Gangs enforced their influence and made money through murder, extortion, drug trafficking, and operating businesses. Gangs also influenced national politics by preventing political candidates from campaigning in certain neighborhoods under their control, and gang leaders have stated that they could determine the outcomes of elections. Due to gang violence, El Salvador had one of the highest homicide rates in the world, peaking at a rate of 103 homicides per 100,000 people in 2015.

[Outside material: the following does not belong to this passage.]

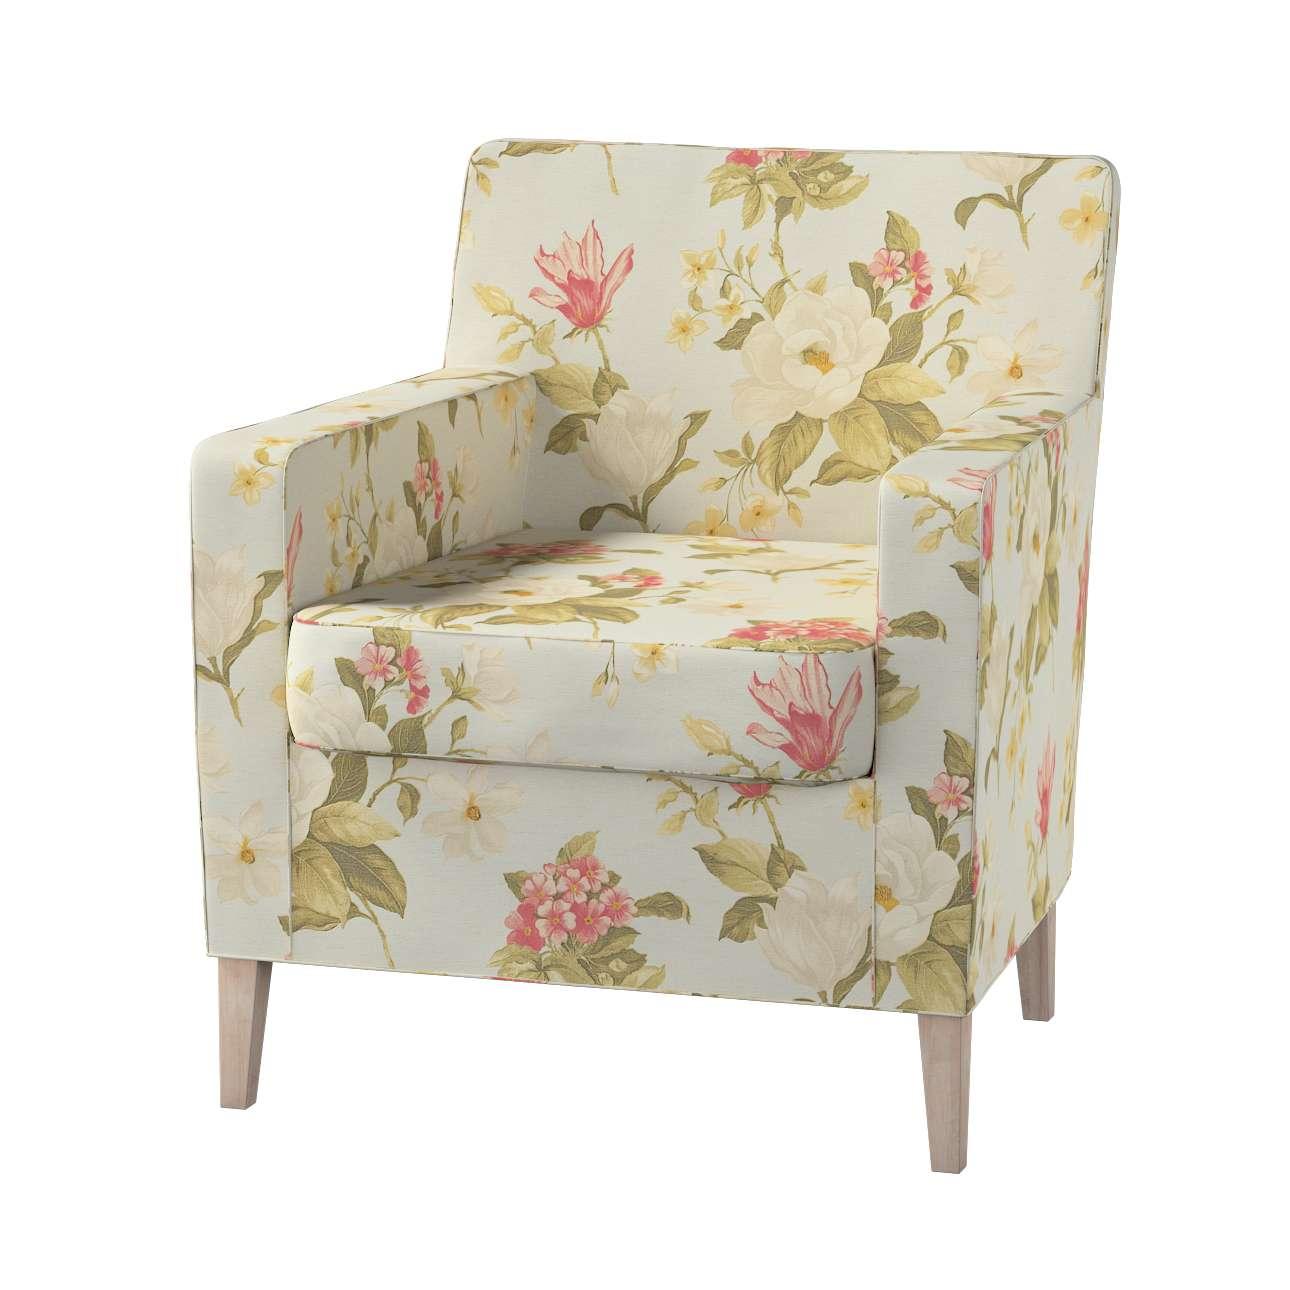 Karlstad fotelio-kėdės užvalkalas Karlstad fotelio - kėdės užvalkalas kolekcijoje Londres, audinys: 123-65

=== Anti-crime policies ===

During the 1990s and 2000s, the various Nationalist Republican Alliance (ARENA) governments sought to implement "tough on crime" policies in El Salvador to combat the spread of gangs. In 2003 and 2004, the government implemented the Mano Dura ("iron fist") and Super Mano Dura ("super iron fist") policies that led to the arrests of 30,000 alleged gang members. In 2012, the Farabundo Martí National Liberation Front (FMLN) government, the Catholic Church in El Salvador, and the country's gangs agreed to a truce that initially lowered the country's homicide rate, but by 2014, the truce had faltered and homicides rose again. In 2015, the Supreme Court of Justice of El Salvador designated both MS-13 and Barrio 18 as terrorist organizations.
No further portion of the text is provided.